5) Egalitarian policy should not be concerned exclusively with resource distribution, but
must also promote a social and cultural environment conducive to wellbeing. Society should foster
good choices about how to live by means of support for egalitarian policies for the arts, education,
nature, and culture more generally.67
6) Finally, egalitarian flourishing is able to avoid the pitfalls of egalitarian approaches that
risk a harsh justice in order to punish the irresponsible, on the one hand, and on the other,
perfectionist approaches that tend to the paternalistic. Active, contributing individuals flourish on
this account, and thus the lay-about is treated, not as a shirker, but as a have-not in need of
inculcation in living well. As Morris notes, ‘useful, honoured work’ serves as a ‘tribute to the
community.’68 Fears that violations of individual autonomy will dog a perfectionist politics can be
addressed by a conception of autonomy, coupled with a social thesis, which justifies improvements
to the cultural environment to enable better informed choices conducive to self-determination.
67
Consider obesity, a cause of diminished flourishing, particularly prevalent among economically disadvantaged
people. It seems a paradox that excess is a form of deprivation; yet another indication that the pursuit of equality is
a more complex matter than simply increasing access to goods. Possible responses to obesity are policies that
encourage physical exercise and the consumption of healthy food. Obvious examples are policies that enable
methods of transportation such as cycling, policies regarding schools such as health curriculum but also the menus
of school cafeterias; even something as mundane as providing free fresh fruit in workplaces would be the kind of
policy that might help combat unhealthy eating. The recent debate initiated by the British celebrity chef, Jamie
Oliver, about the quality of school meals, is interesting in its concern for, not just healthy eating, but also the
aesthetics of good food.
68 Morris, ‘Art and Socialism,’ Collected Works, Vol. XXIII, 193, ‘How We Live and How We Might Live,’ 14.
24
Conclusion
The welfare state has marked both the triumph of the egalitarian vision of Karl Marx and its
disappointment. On the one hand, most Western liberal societies have taken on some kind of
obligation to assure access to the means of subsistence, and it is difficult to imagine the commitment
to some redistribution of wealth, however unevenly assured, ever disappearing. On the other hand,
this commitment is, in even its most ambitious forms, limited. It is, of course, evident in only some,
privileged parts of the world. And even in those parts of the world where egalitarianism has had
some impact, there is considerable pressure to limit equality to the provision of opportunities,
severed from ideas about how to improve the way people live.

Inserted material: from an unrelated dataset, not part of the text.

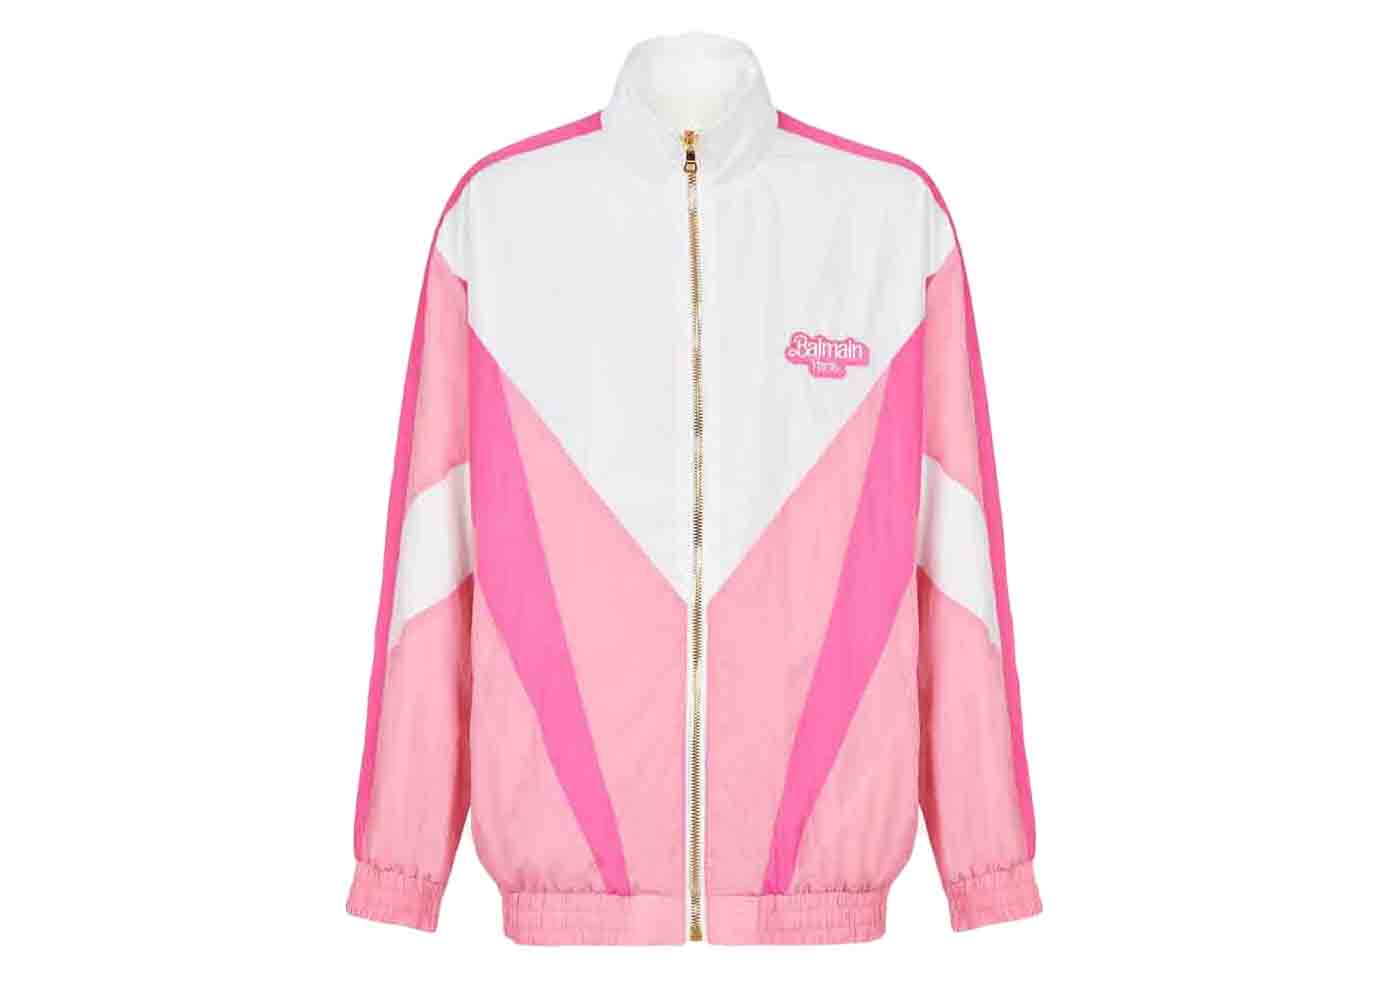 Balmain x Barbie - Nylon Jacket Pink and White - FW21

I have argued that equality should focus on human flourishing. Such a focus can address
both the problem of individual responsibility that besets egalitarianism and the problem of
paternalism that besets perfectionism. Wellbeing or flourishing does not admit of straightforward
measurement or a catch-all formula or recipe. Yet it is flourishing, a partly subjective, partly
objective criterion, that best captures what disadvantage and advantage amount to. And it requires,
not just a radical redistribution of resources, but the maintenance of a rich cultural environment, and
a constant, open and lively inquiry into that ancient question that inaugurated political philosophy
and pervaded the doctrine of Marx: how should we live?